At Stony Brook, Goroff held the title of chair for a 300-person department with a multi-million-dollar budget.

“That means I had to be ready to deal with whatever came across my desk each day, and had to be ready to make tough decisions and then defend
those decisions by the people who care about them,” said Goroff, continuing
on to say that she also runs a research lab. “I developed new materials for
solar energy. I had to come up with innovative research ideas based on
facts and evidence and then pitched those ideas to get support, and then
do the research and then figure out what it all means [and] looking at
evidence and analyzing it to come up with a solution.”

Goroff said that helping her students make a better future for themselves — whether in the classroom or in the lab — has been her favorite part about being at the university.

“I worked really hard to make the university a better place. When I was associate provost, an interim dean, and instructor of chemistry, that same drive is what drives me now,” she said. ”What the people of Stony Brook and the people of this district need is somebody who is going to go down to Washington and try to make things better there. It is the same motivation for me to see I need to get involved with the national level.”

Discussing her platform, Goroff highlighted that effectively addressing the public health crisis is atop the priority list.

“How do we get out of the pandemic and how do we get out from the economic crisis that has resulted from the pandemic? That is my top
priority; we need to get ahead of and a hold of the pandemic, which means
sending very clear messages about the importance of wearing masks in
public, having testing that is available, fast, free, so that we can actually
use testing both for contact tracing, which is really important, and also
make sure people aren’t going to work or to school if they actually are contagious,” she said.

As the pandemic is directly relevant to the economic crisis, too, Goroff
said that federal monies are absolutely needed on Long Island. She pointed
out that the federal government is the only entity that can financially assist
the local municipalities as well as the school districts.

Thirdly, Goroff talked about climate change, which she said is the
initial motivation for her joining the race.
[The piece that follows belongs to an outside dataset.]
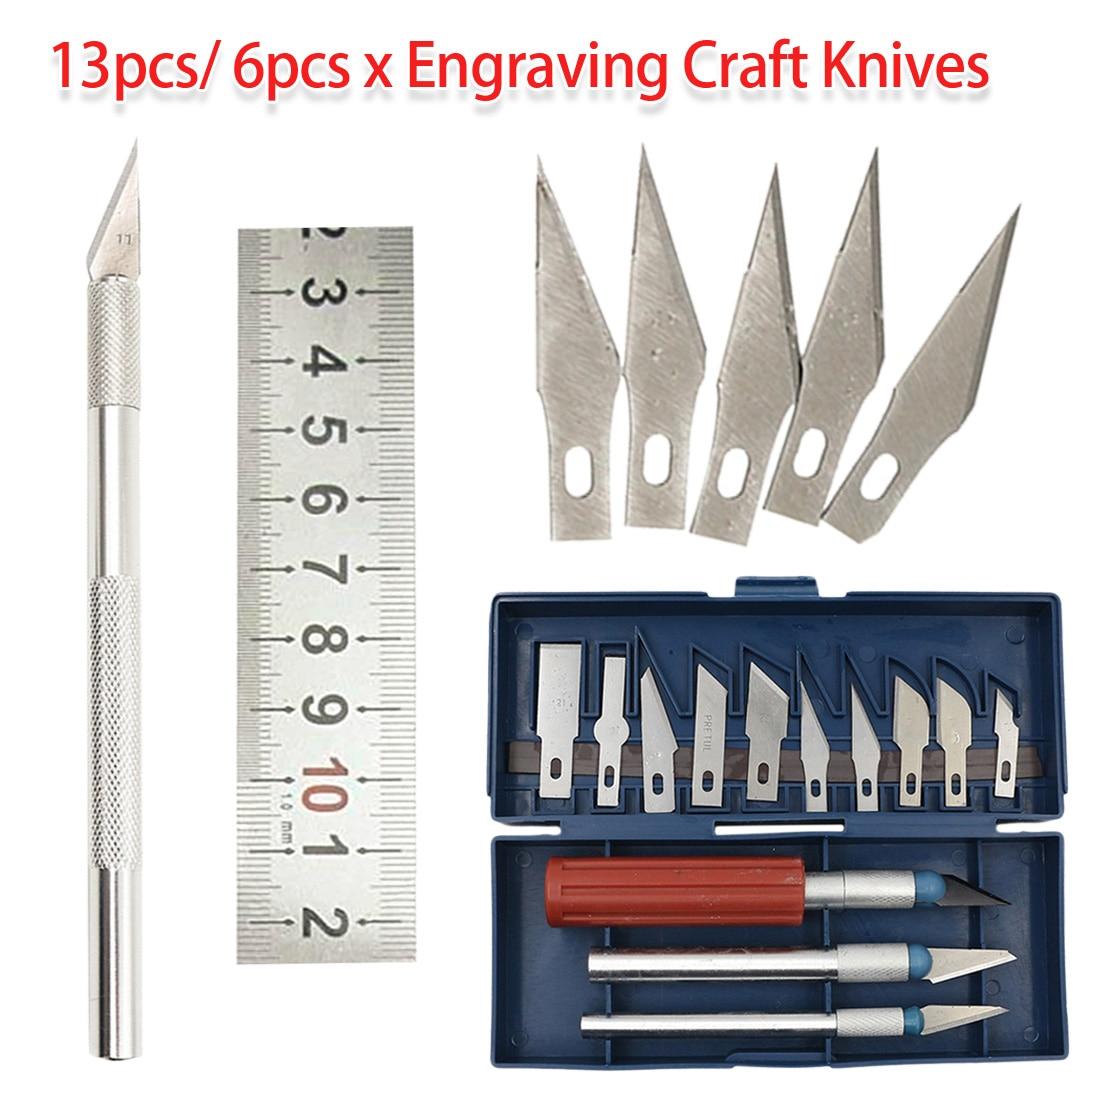 Cutter Engraving Craft Knives 13pcs/ 6pcs Metal Scalpel Knife Tool Kit For Mobile Phone PCB DIY Repair Tool Hand Tool Set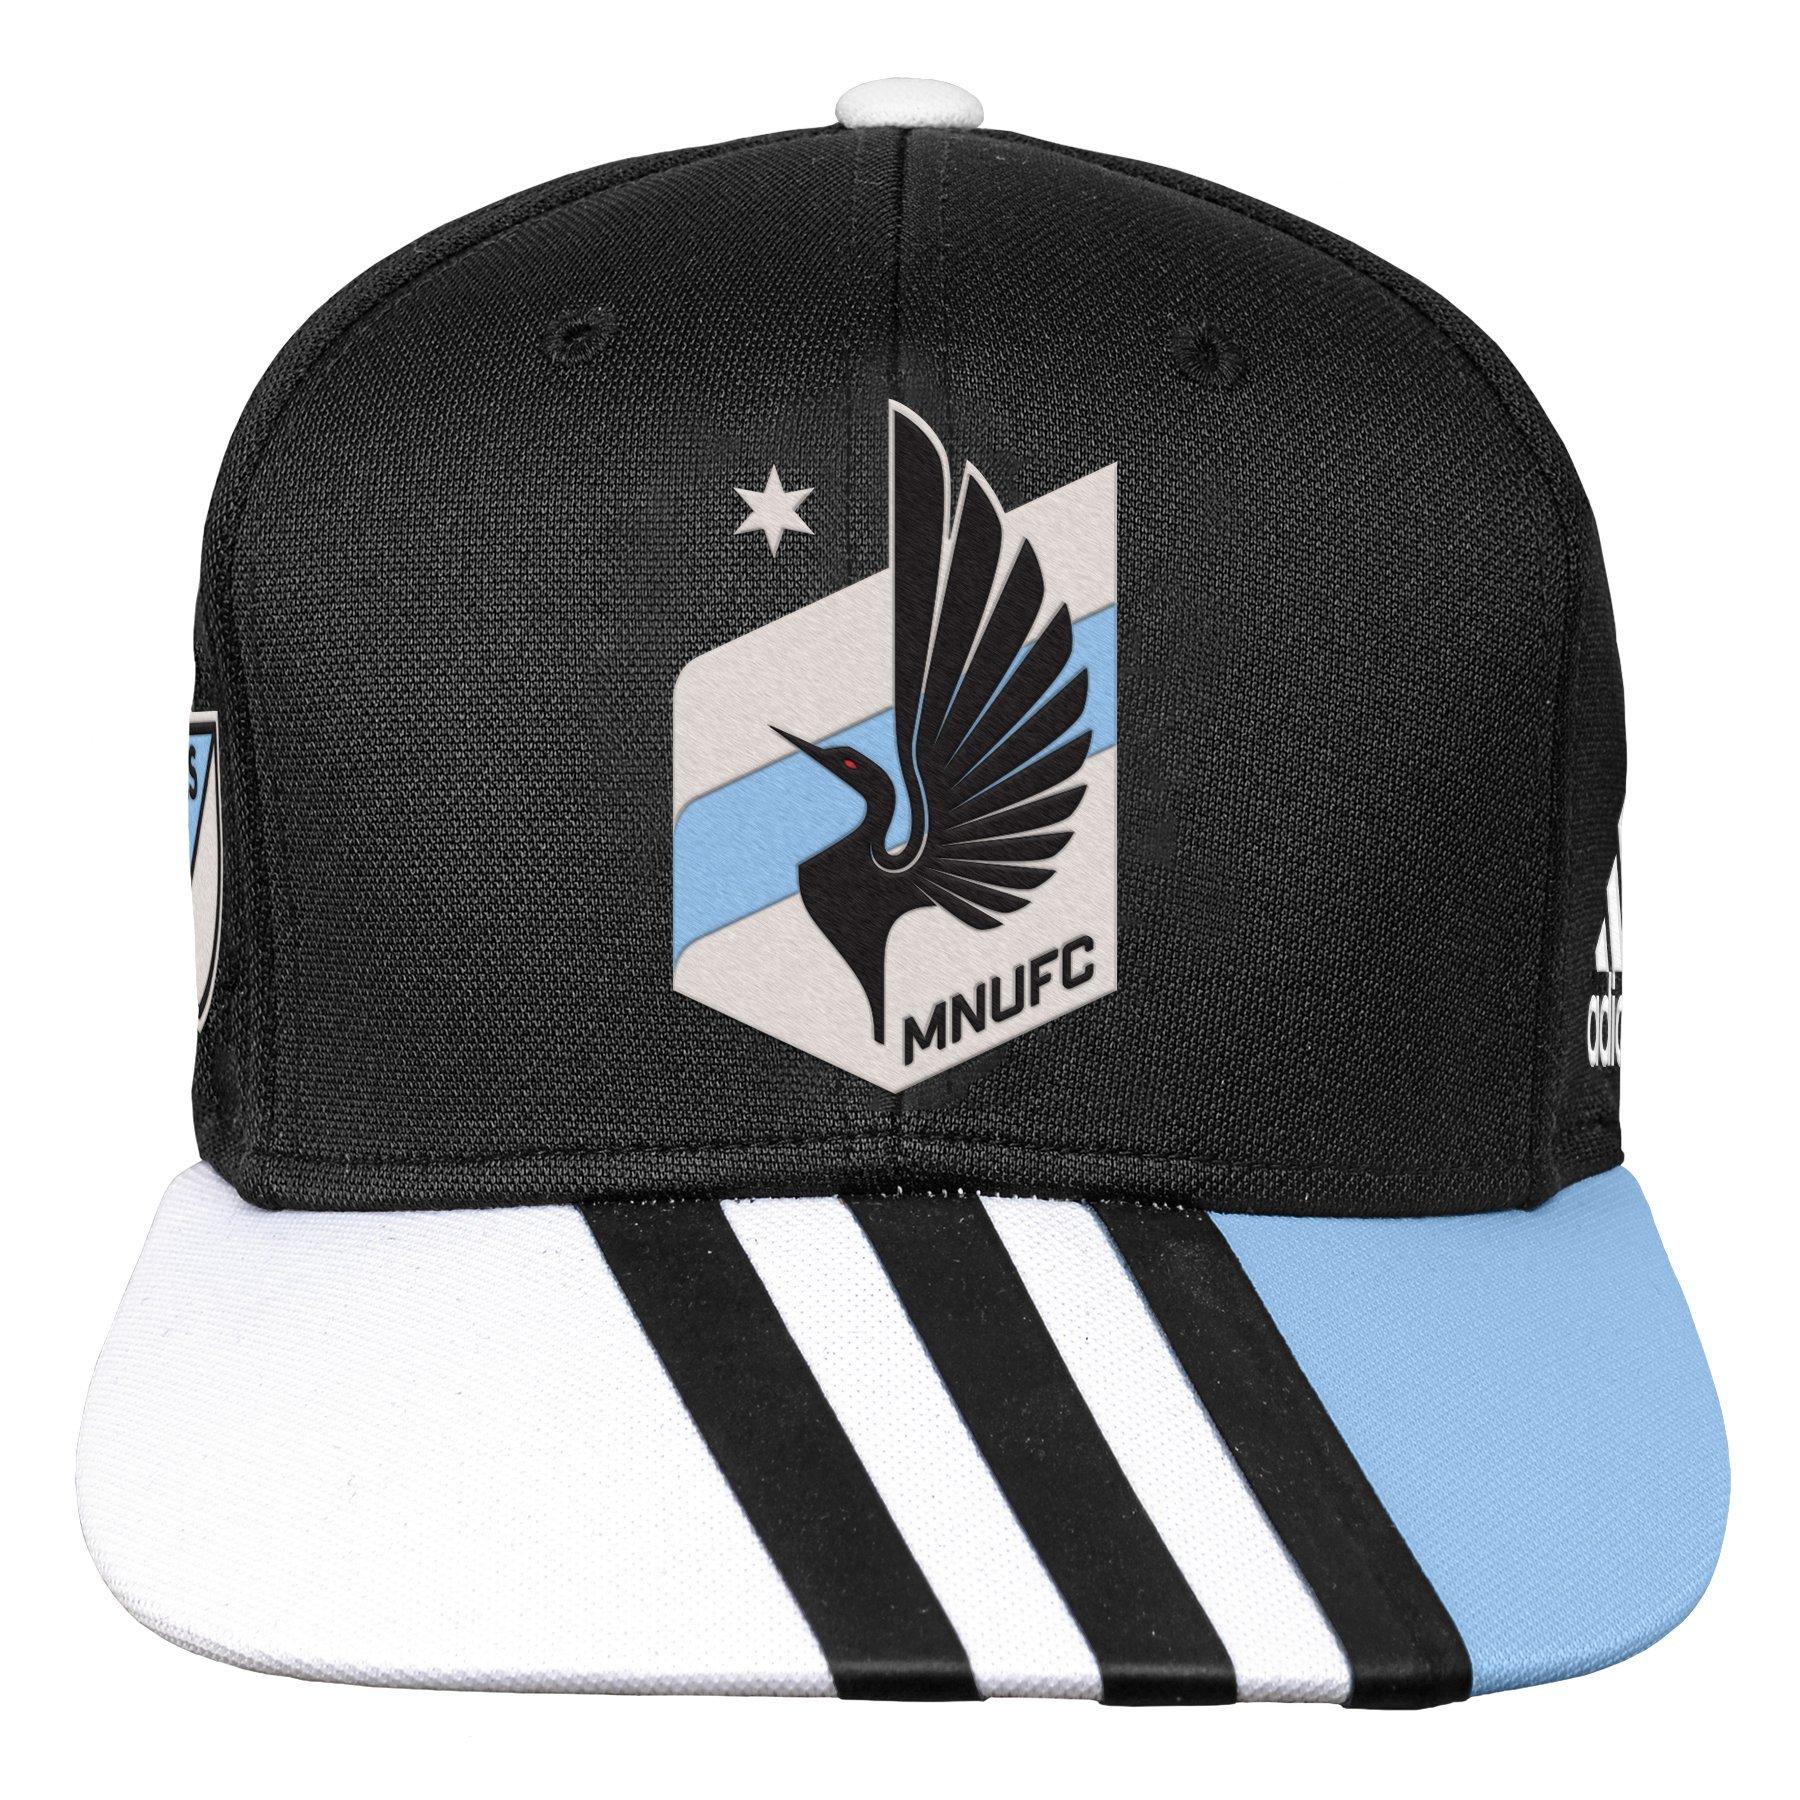 Outerstuff MLS Minnesota United R S8FMK Youth Boys Flatbrim Snapback, One Size (8), Black

“It has the same or bigger potential over time to be disruptive to our
lives and the lives of people all over the globe [as the pandemic],” Goroff
said. “Sea-level rise, coastal erosion, extreme weather events: those are
our biggest national security risks because of movement of people
around the globe, because of changing climates and droughts and floods
around the globe.”

Goroff has been present in the Advance’s readership. She has demonstrated at a USPS rally in August in Bellport as well as a Black Lives Matter movement in early June (also in Bellport). Her team has also disseminated advertisements of her campaign through commercials, phone banks, and other methods throughout the district.